I've laughed hard thinking Bernstein as Bobby Perù.


----------



## 20centrfuge (Apr 13, 2007)

regenmusic said:


> jake gyllenhaal


I can see that one!


----------



## Morimur (Jan 23, 2014)

Will Smith

They look so much alike.


----------



## Strange Magic (Sep 14, 2015)

The perfect choice would be......Laurence Olivier. But rumor has it that he's not available. Close match, though.


----------



## Pugg (Aug 8, 2014)

Strange Magic said:


> The perfect choice would be......Laurence Olivier. But rumor has it that he's not available. Close match, though.


Don't believe rumours, this one however I can confirm: not available.
( Can't read sheet music, ore anything else for that matter)


----------



## Arsakes (Feb 20, 2012)

Morimur said:


> Will Smith
> 
> They look so much alike.


or Jackie Chan?


----------



## Badinerie (May 3, 2008)

Jude Law? !"£$%^&

Please pardon the random characters. The message wouldn't post without 15 characters or more.


----------



## Pugg (Aug 8, 2014)

Badinerie said:


> Jude Law? !"£$%^&
> 
> Please pardon the random characters. The message wouldn't post without 15 characters or more.


The best idea so far :tiphat:


----------



## Kieran (Aug 24, 2010)

Just for the record, I couldn't find mention of this on Scorsese's iMDB page...


----------



## Fugue Meister (Jul 5, 2014)

Kieran said:


> Just for the record, I couldn't find mention of this on Scorsese's iMDB page...


Well there's not even a script yet so it's just in development. It probably won't show up on IMDB until it's in pre-production and Scorsese is doing another film even before he gets to it (if he even does) so it's a ways off.


----------



## Morimur (Jan 23, 2014)

Scorsese is way past his prime so it doesn't matter who he chooses for the role — the movie will turn out to be yet another expensive, empty spectacle.


----------



## Fugue Meister (Jul 5, 2014)

Morimur said:


> Scorsese is way past his prime so it doesn't matter who he chooses for the role - the movie will turn out to be yet another expensive, empty spectacle.

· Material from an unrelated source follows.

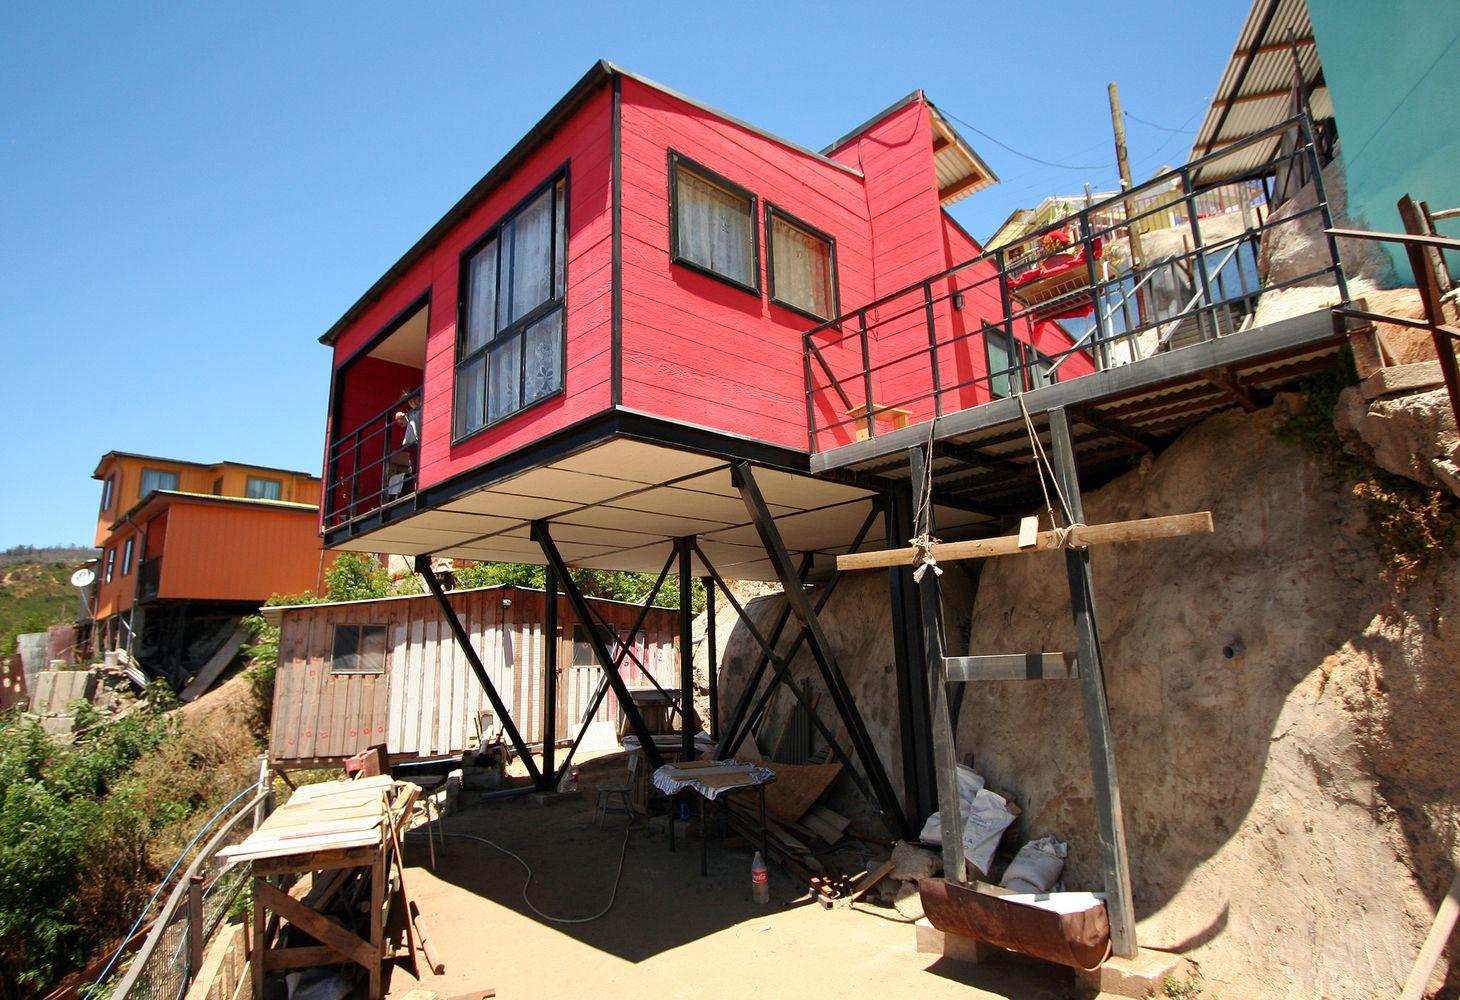 Erkunde Moderne Häuser, Kleine Häuser Und Noch Mehr!

Wrong. For the past 30 years he has still been putting out superb work. Scorsese is one of the best living directors we have and just like some of the great conductors do brilliant work in their 80's I have every confidence Marty will pull off another great film. Sidney Lumet's last film was excellent and he was 82 when he directed it and Scorsese is a better film maker, so how did you arrive at your ill informed statement? We get it your not a fan of films from America. Seriously just go watch some 50 year old foreign films if you can't appreciate anything American or non-horror genre films.


----------



## Kieran (Aug 24, 2010)

That's right, Scorsese is on a roll. Shutter Island, Wolf of Wall Street, Hugo, The Departed, in no particular order, each completely different to the other, each one excellent, or as good as...


----------



## Fugue Meister (Jul 5, 2014)

Kieran said:


> That's right, Scorsese is on a roll. Shutter Island, Wolf of Wall Street, Hugo, The Departed, in no particular order, each completely different to the other, each one excellent, or as good as...

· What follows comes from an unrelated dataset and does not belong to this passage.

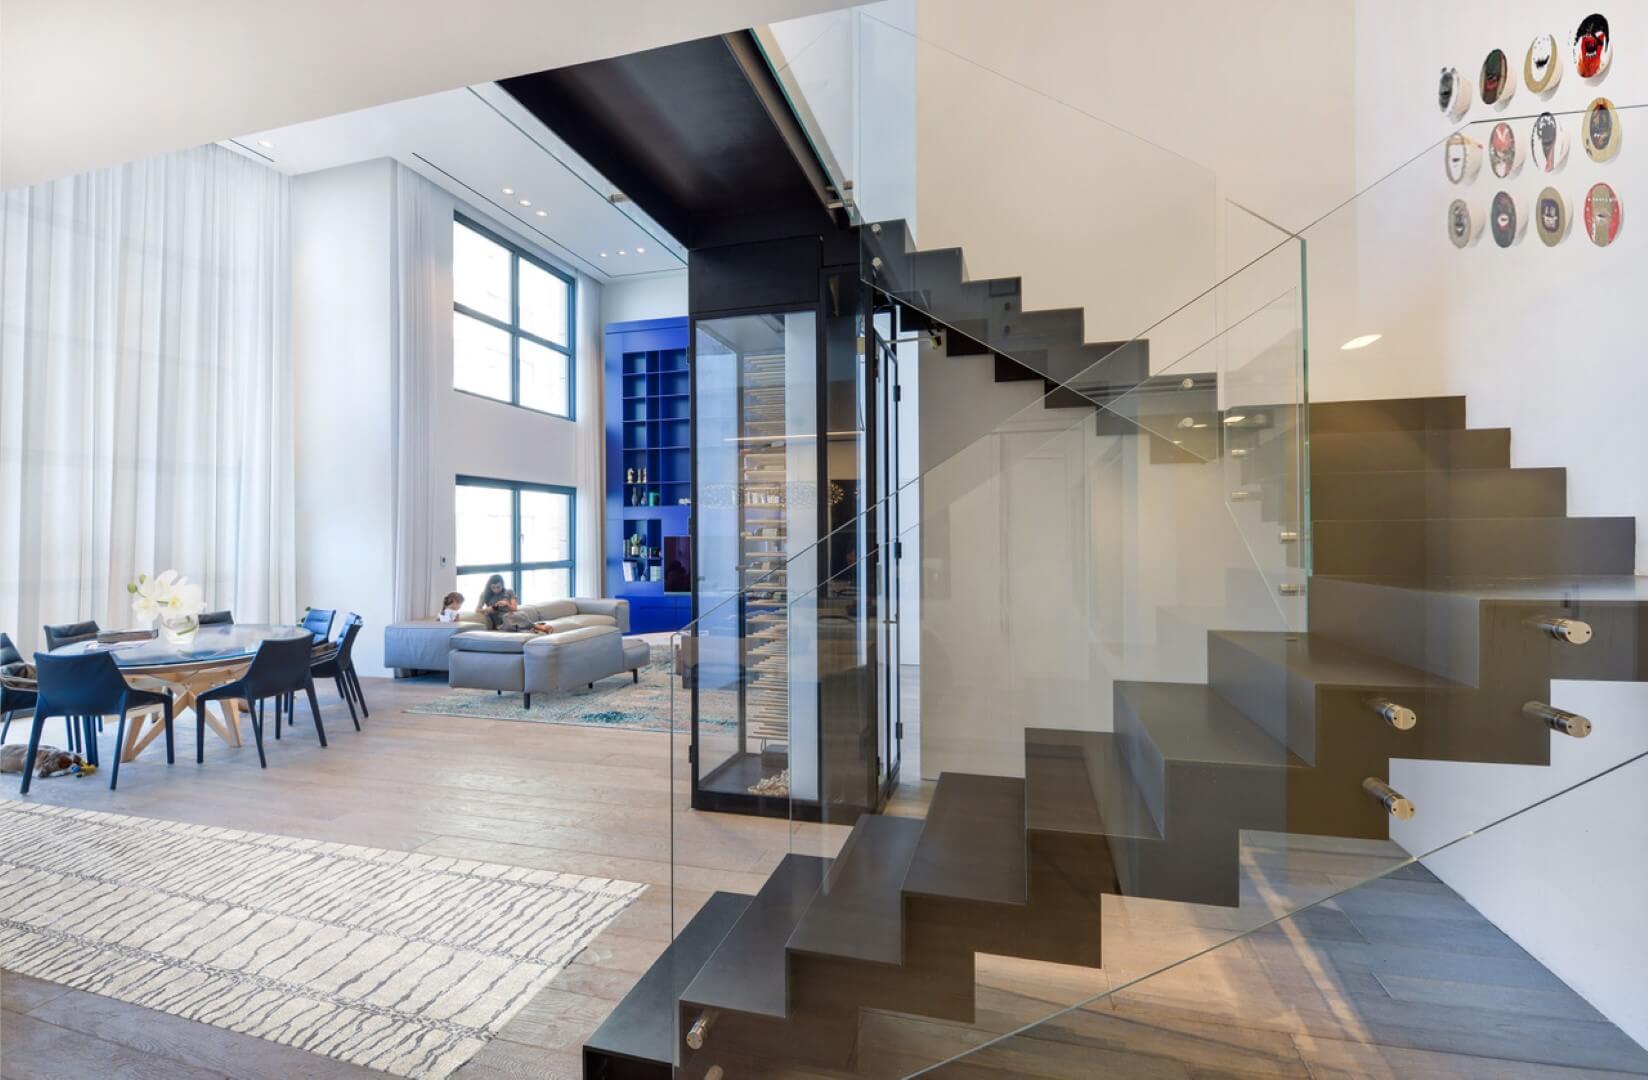 3 גרמי מדרגות ברזל עם מעקה זכוכית ומנטים בגווני ברזל

Exactly. On top of it all he created two of the greatest films ever put on celluloid, Goodfellas & Raging Bull.


----------



## Mahlerian (Nov 27, 2012)

Kieran said:


> That's right, Scorsese is on a roll. Shutter Island, Wolf of Wall Street, Hugo, The Departed, in no particular order, each completely different to the other, each one excellent, or as good as...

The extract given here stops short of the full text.